Source-level debugging of Hermes Agent's prompt assembly pipeline. Found a bug that silently overrode user configuration for months.

Discovered 10-layer prompt assembly with hardcoded authority chain — Layer 2 enforcement directives overriding user MEMORY.md guardrails.
Root cause: TOOL_USE_ENFORCEMENT_MODELS in prompt_builder.py:276 included 'deepseek' — substring match on 'deepseek-v4-pro' triggered enforcement injection.
Fix: changed tool_use_enforcement from 'auto' to explicit list excluding deepseek.
Cross-model verification: used Claude Opus 4.7 as independent auditor — IV&V for AI internals.

Why it matters: This is source-level debugging of an AI framework's prompt assembly pipeline with cross-model verification. Aerospace calls this Independent Verification & Validation (IV&V).

Delegation Architecture — Provider Contamination Root Cause

Diagnosed a 24+ hour silent failure in subagent spawning. Four-level root cause chain across distributed system layers.

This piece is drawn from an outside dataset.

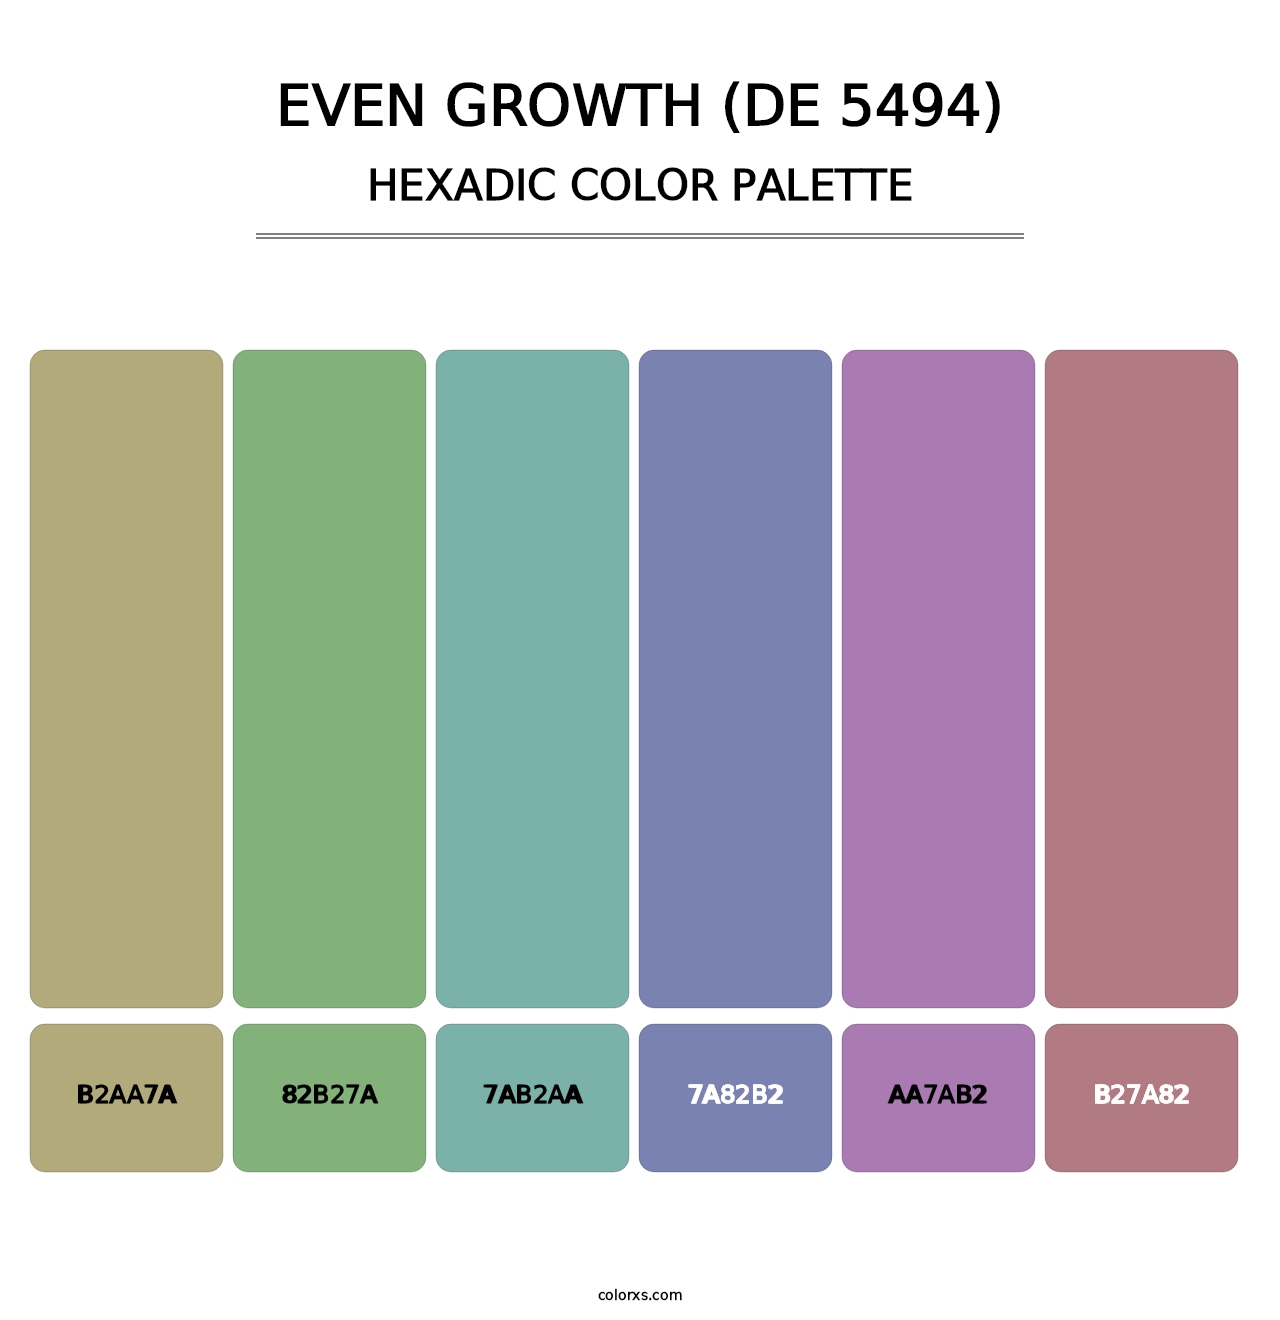 Even Growth (DE 5494) - Hexadic Color Palette

delegation.provider was set to 'holographic' (memory provider, not an LLM) — subagents never spawned, zero error messages.
Gateway's delegation code path bypassed normal provider resolution. Runtime caching blocked config propagation.
Marker-file debugging proved gateway never reached delegation handler.
Fix: changed provider to deepseek, verified with 5-agent and 10-agent stress tests, later scaled to 20 concurrent subagents.

Why it matters: Diagnosing distributed system failures where config says one thing but runtime does another — and the error is silent. This is the debugging that separates engineers from users.

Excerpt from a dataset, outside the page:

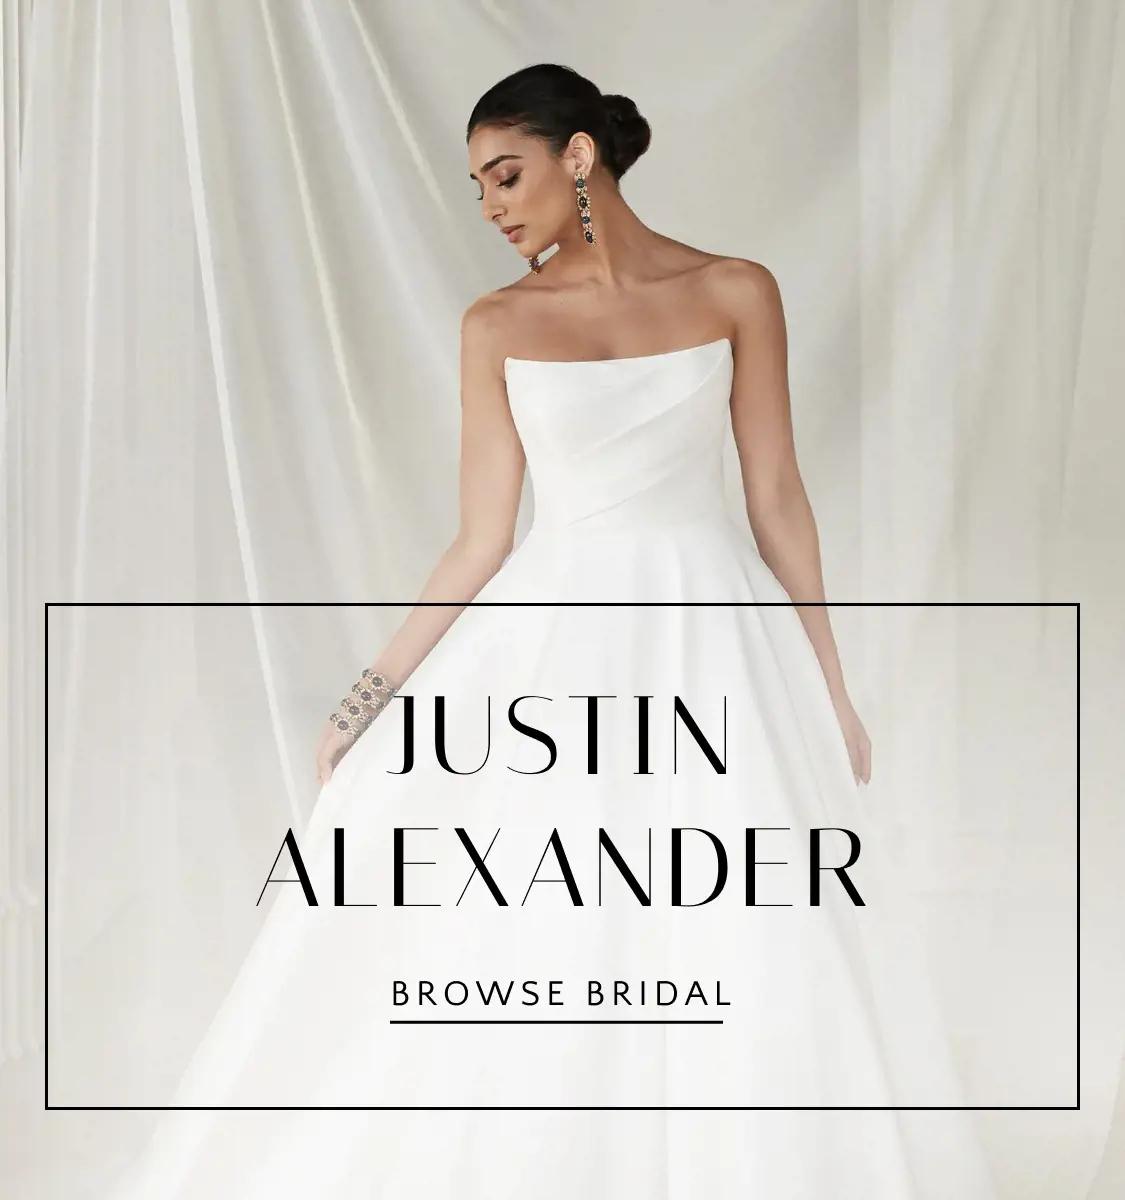 Justin Alexander Banner Mobile

Multi-Target Atomic Backup Architecture

Five-target backup system with atomic staging, integrity verification, and encrypted cloud push. Survived 8/8 attack tests.

Atomic mirror: staging → integrity check → mirror swap → cloud push. Old mirror deleted only after new verified.
Five targets: NAS (SMB, rclone sync), Backblaze B2 (encrypted, 5MB/s throttle), GitHub, local mirror, USB (air-gapped).
B2 version accumulation bug diagnosed — 48 syncs/day creating hidden versions past 10GB cap. Fixed with --max-age filtering.
Google Drive OAuth silent sync discovered running for 8 days. Disabled.
Survived 8/8 attack tests: corruption, concurrency, lock races, stale locks, idempotency.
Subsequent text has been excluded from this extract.